# Yakovlev VVP-6



## comiso90 (Mar 5, 2010)

New one on me..


it cant be real.. i dont believe it, even as a concept.
please tell me this is a fantasy project:







Yakovlev VVP-6 - Wikipedia, the free encyclopedia
.
Perhaps the most radical design ever to emerge from the Yakovlev OKB studio, the VVP-6 appears more science fiction than a craft likely to have seen production. The VVP-6 was designed as a giant VTOL support platform which would work in coordination with VTOL jets, such as Yakovlev's Yak-38.[1]

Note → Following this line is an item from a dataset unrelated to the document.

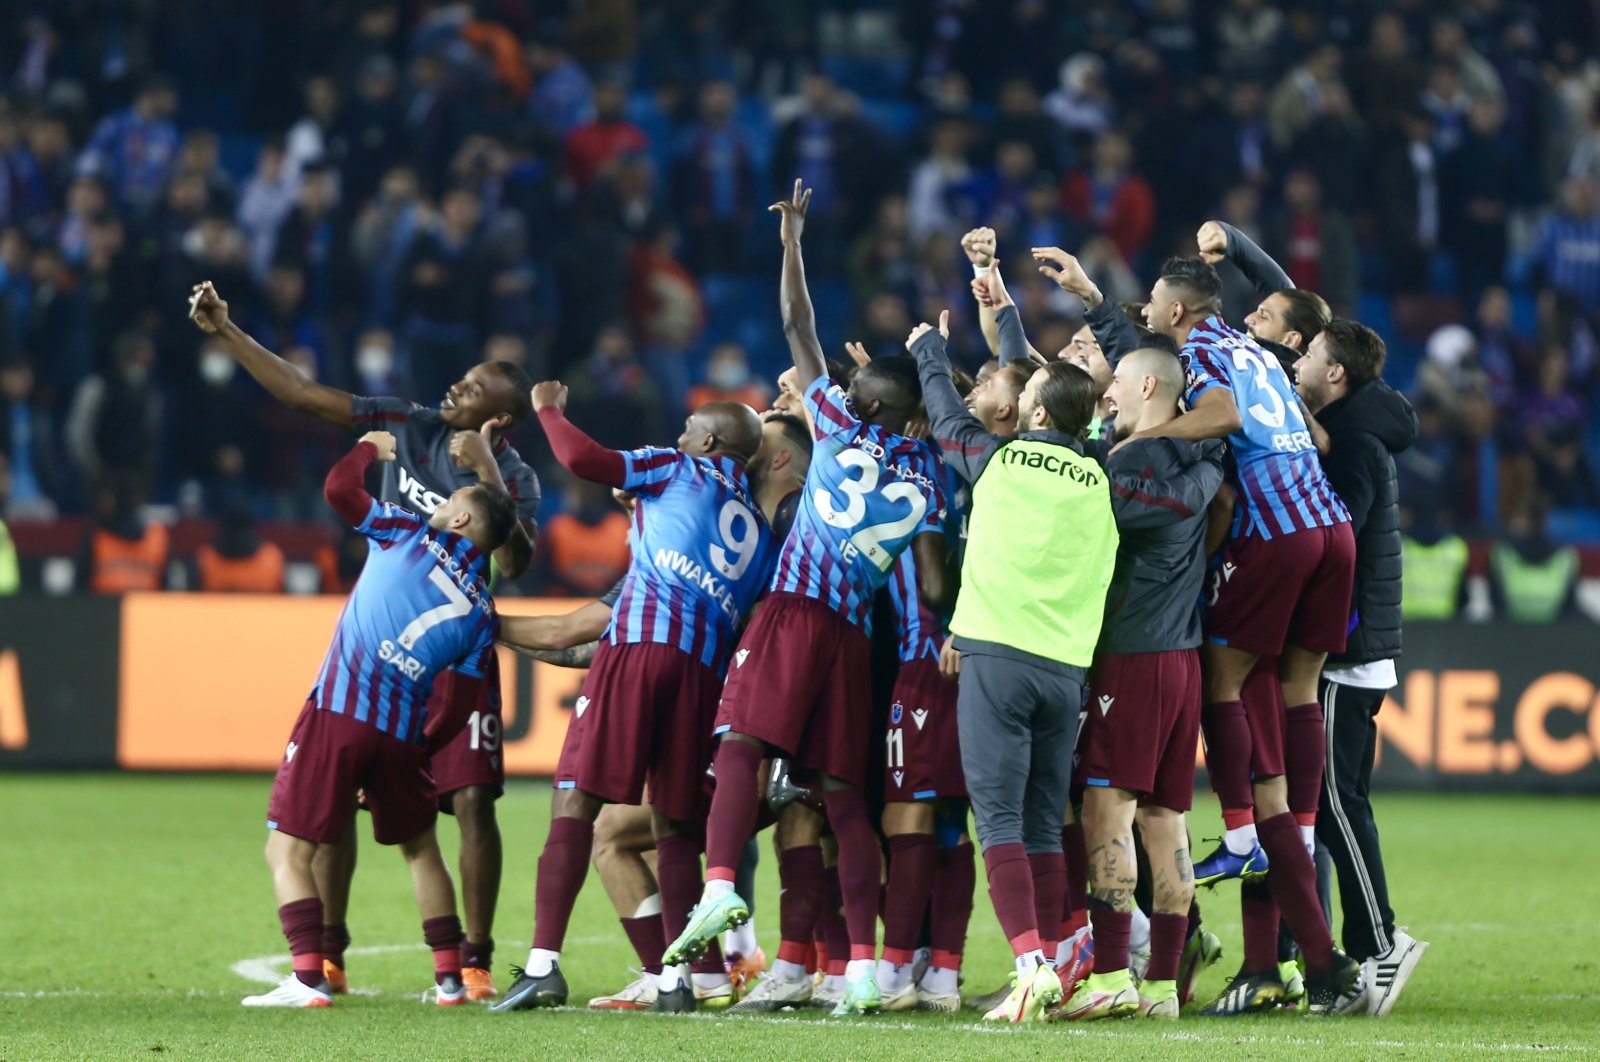 Trabzonspor players celebrate after winning a Turkish Süper Lig match against Adana Demirspor, at the Medical Park Stadium, in Trabzon, Turkey, Dec. 4, 2021. (AA Photo)

Among the many functions envisioned for this line of vehicles was the transportation of food, fuel and munitions. The huge, box-like design was to have been 49m long. In one version it was capable of carrying a complete SAM missile system, including 6 SA-2 (ASCC name "Guideline") missiles with launchers mounted on the craft's upper surface. Reloads and supporting radars were to be stored internally.[1]

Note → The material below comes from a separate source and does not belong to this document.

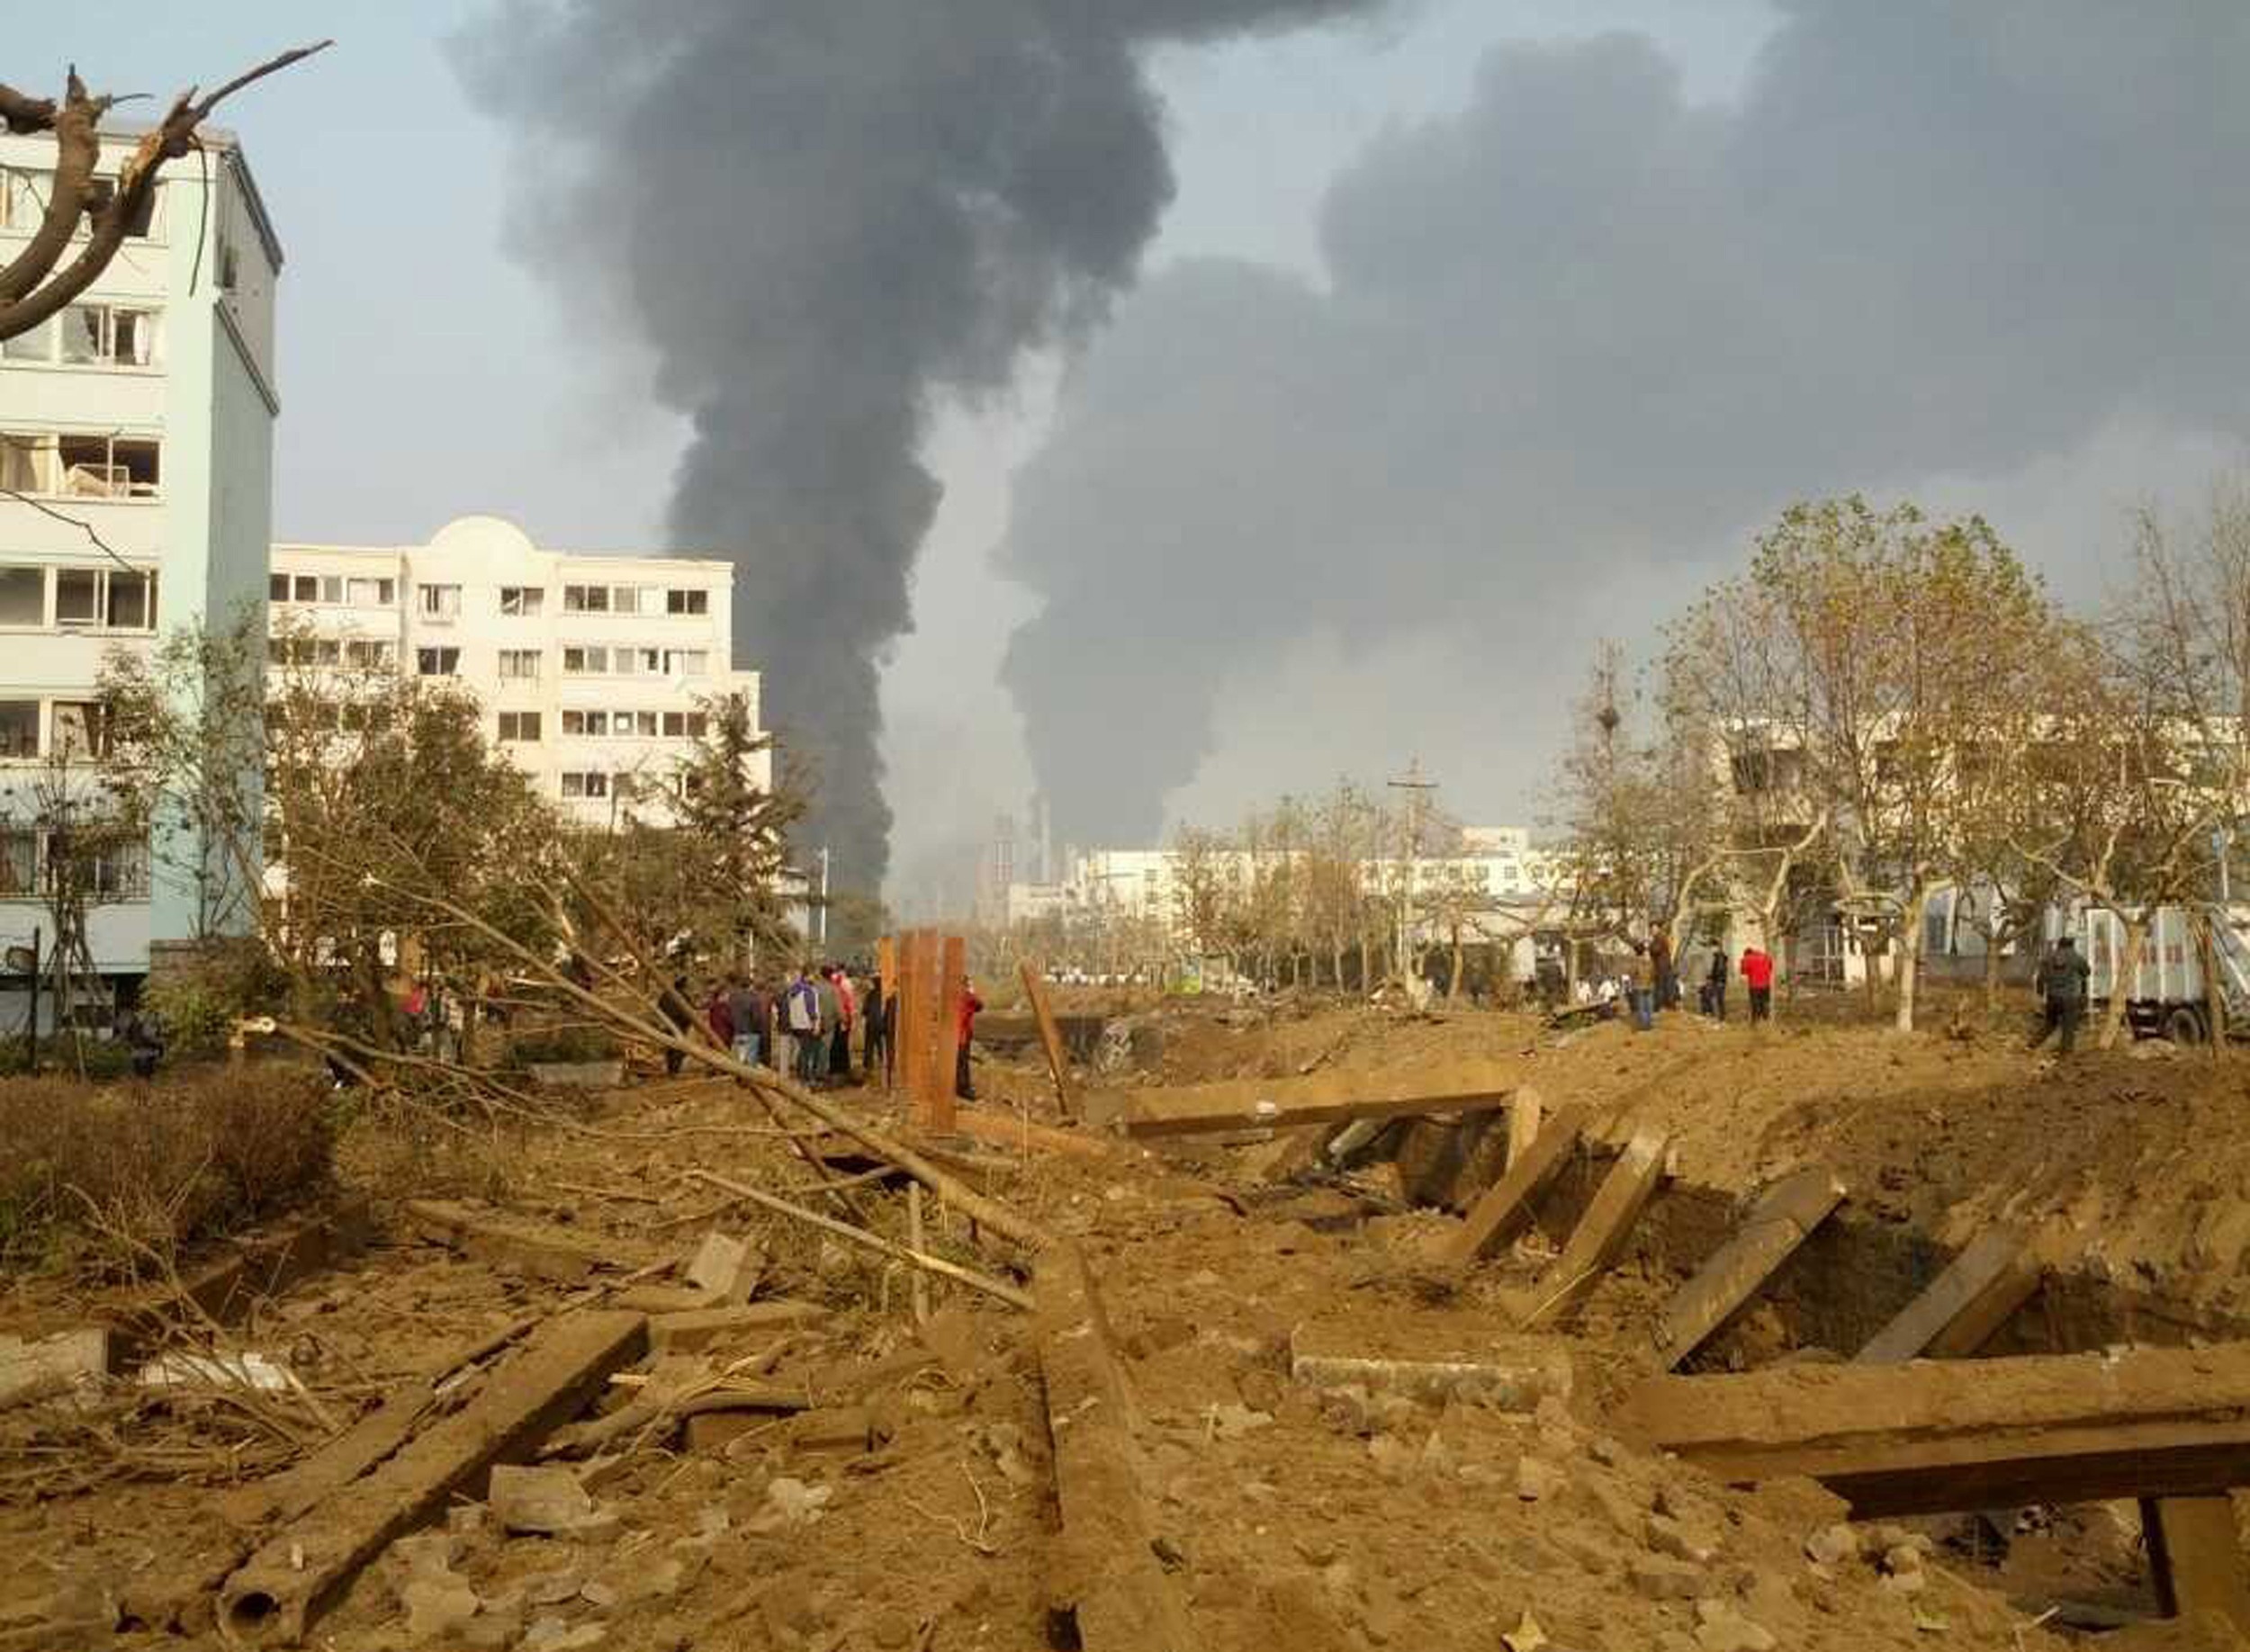 Sinopec oil pipeline blast kills 22 in eastern China: media

The VVP-6 was to have been fitted with six six-blade rotors mounted on six pylons extending from the craft's sides. Each rotor was to have been driven by four turboshaft engines, giving the VVP-6 a total of 36 engines.[1]

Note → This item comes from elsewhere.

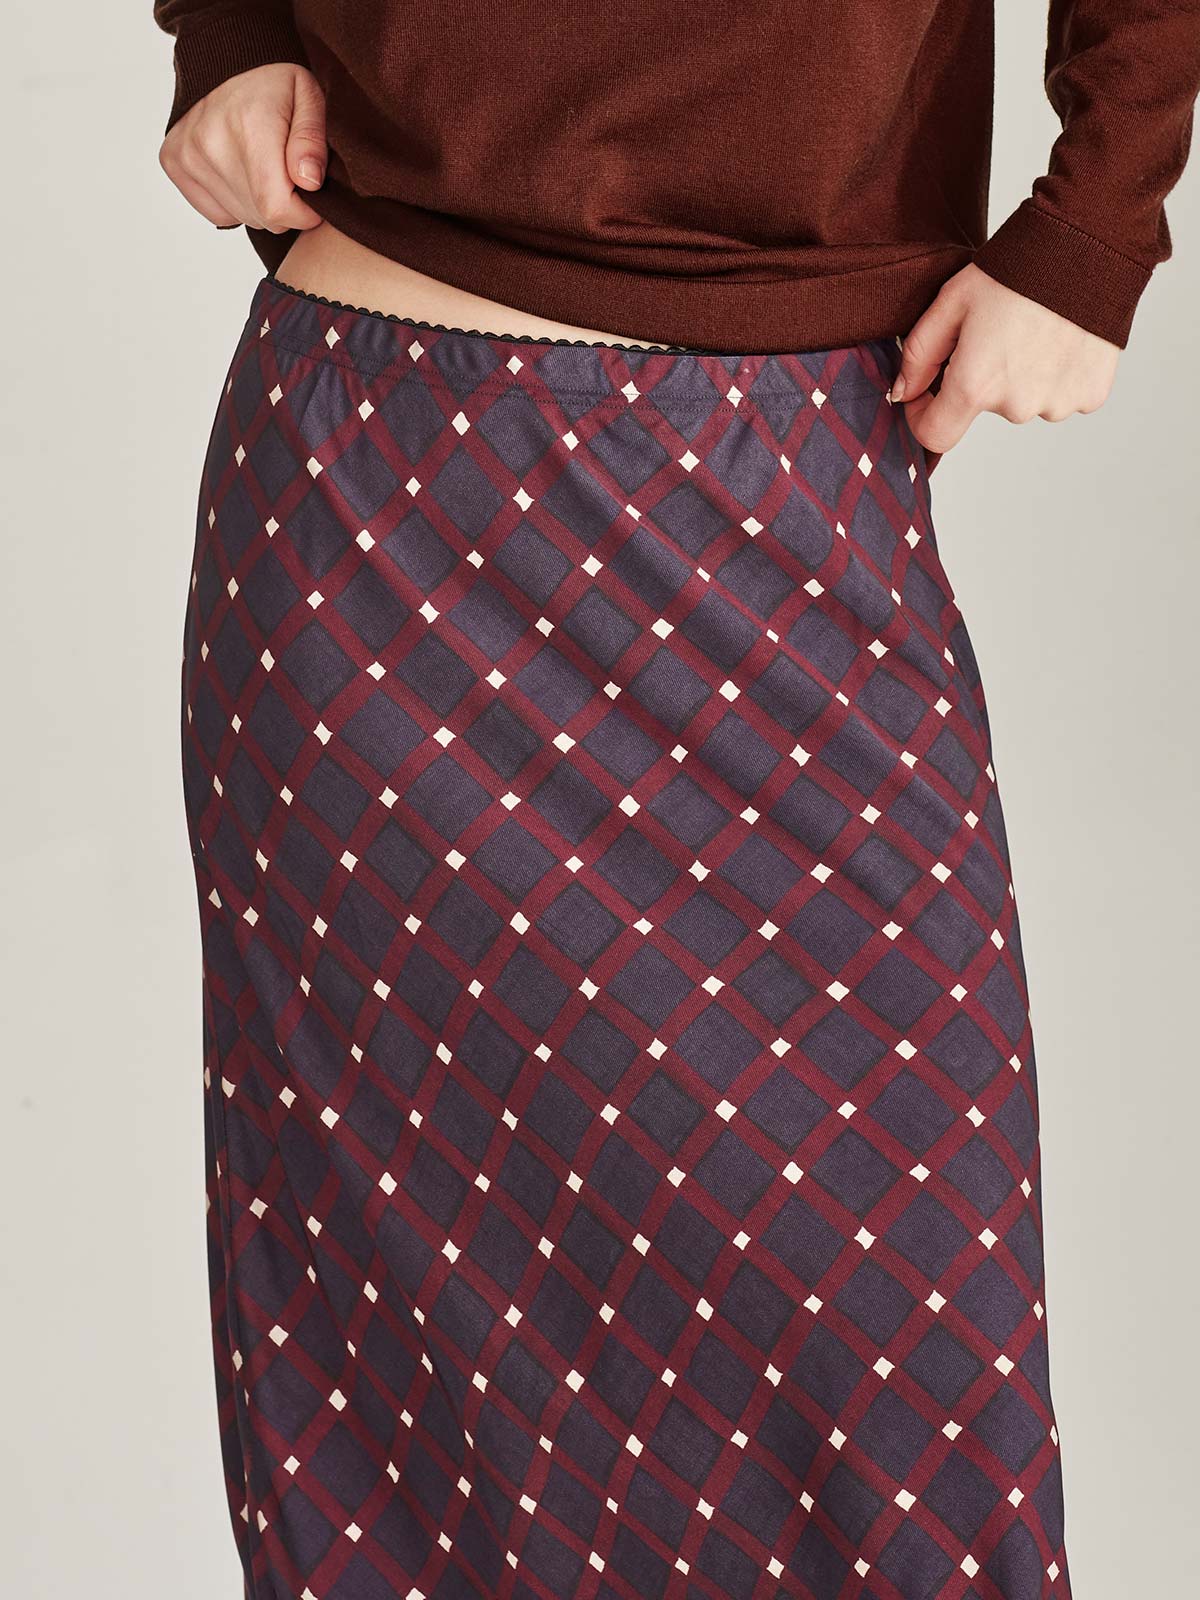 Bella Checkers Skirt

The requirement for such a craft ended when the Soviet Air Force failed to put land-based VTOL jets into service.[1]

Yakovlev VVP-6 helicopter - development history, photos, technical data


----------



## Butters (Mar 5, 2010)

Surprised that the USMC hasn't been clamoring for something like that. You know, an AVALCT*...

*Aerial Vertical Assault Landing Craft-Tank

JL


----------



## wheelsup_cavu (Mar 9, 2010)

Interesting Russian project Comiso.


Wheels


----------